Task prompt: Copy each line of the records that contains the word "Photo".

Material provided:
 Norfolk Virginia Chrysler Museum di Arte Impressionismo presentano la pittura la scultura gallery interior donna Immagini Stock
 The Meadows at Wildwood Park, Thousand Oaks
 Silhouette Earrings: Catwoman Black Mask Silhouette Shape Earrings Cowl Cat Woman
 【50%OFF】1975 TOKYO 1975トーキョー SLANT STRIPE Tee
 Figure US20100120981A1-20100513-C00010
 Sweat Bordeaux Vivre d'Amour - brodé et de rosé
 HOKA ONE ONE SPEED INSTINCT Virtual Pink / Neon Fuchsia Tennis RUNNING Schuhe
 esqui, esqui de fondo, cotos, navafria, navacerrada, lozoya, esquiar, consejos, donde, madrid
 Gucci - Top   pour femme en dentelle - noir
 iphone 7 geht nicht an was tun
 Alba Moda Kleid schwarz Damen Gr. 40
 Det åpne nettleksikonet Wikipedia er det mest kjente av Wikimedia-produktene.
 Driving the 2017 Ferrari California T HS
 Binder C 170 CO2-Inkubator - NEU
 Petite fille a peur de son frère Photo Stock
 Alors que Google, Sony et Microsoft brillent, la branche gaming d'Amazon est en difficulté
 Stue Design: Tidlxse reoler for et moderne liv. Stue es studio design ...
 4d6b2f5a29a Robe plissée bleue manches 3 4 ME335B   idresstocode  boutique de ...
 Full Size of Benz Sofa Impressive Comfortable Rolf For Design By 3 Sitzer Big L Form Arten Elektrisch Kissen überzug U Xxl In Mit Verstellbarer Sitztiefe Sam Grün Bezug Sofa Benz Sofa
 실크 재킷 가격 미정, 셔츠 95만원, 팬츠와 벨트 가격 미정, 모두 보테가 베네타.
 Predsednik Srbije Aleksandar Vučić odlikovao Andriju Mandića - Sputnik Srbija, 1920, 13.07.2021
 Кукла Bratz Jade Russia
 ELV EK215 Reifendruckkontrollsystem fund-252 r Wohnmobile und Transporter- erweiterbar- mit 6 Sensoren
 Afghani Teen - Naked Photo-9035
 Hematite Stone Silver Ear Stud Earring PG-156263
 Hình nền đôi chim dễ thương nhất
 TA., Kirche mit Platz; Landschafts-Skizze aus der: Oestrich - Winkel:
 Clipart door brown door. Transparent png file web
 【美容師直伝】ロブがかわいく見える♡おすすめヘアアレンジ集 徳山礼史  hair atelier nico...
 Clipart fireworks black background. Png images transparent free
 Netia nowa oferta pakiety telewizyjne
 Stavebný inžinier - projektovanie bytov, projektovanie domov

Solution to this task:
 Petite fille a peur de son frère Photo Stock
 Afghani Teen - Naked Photo-9035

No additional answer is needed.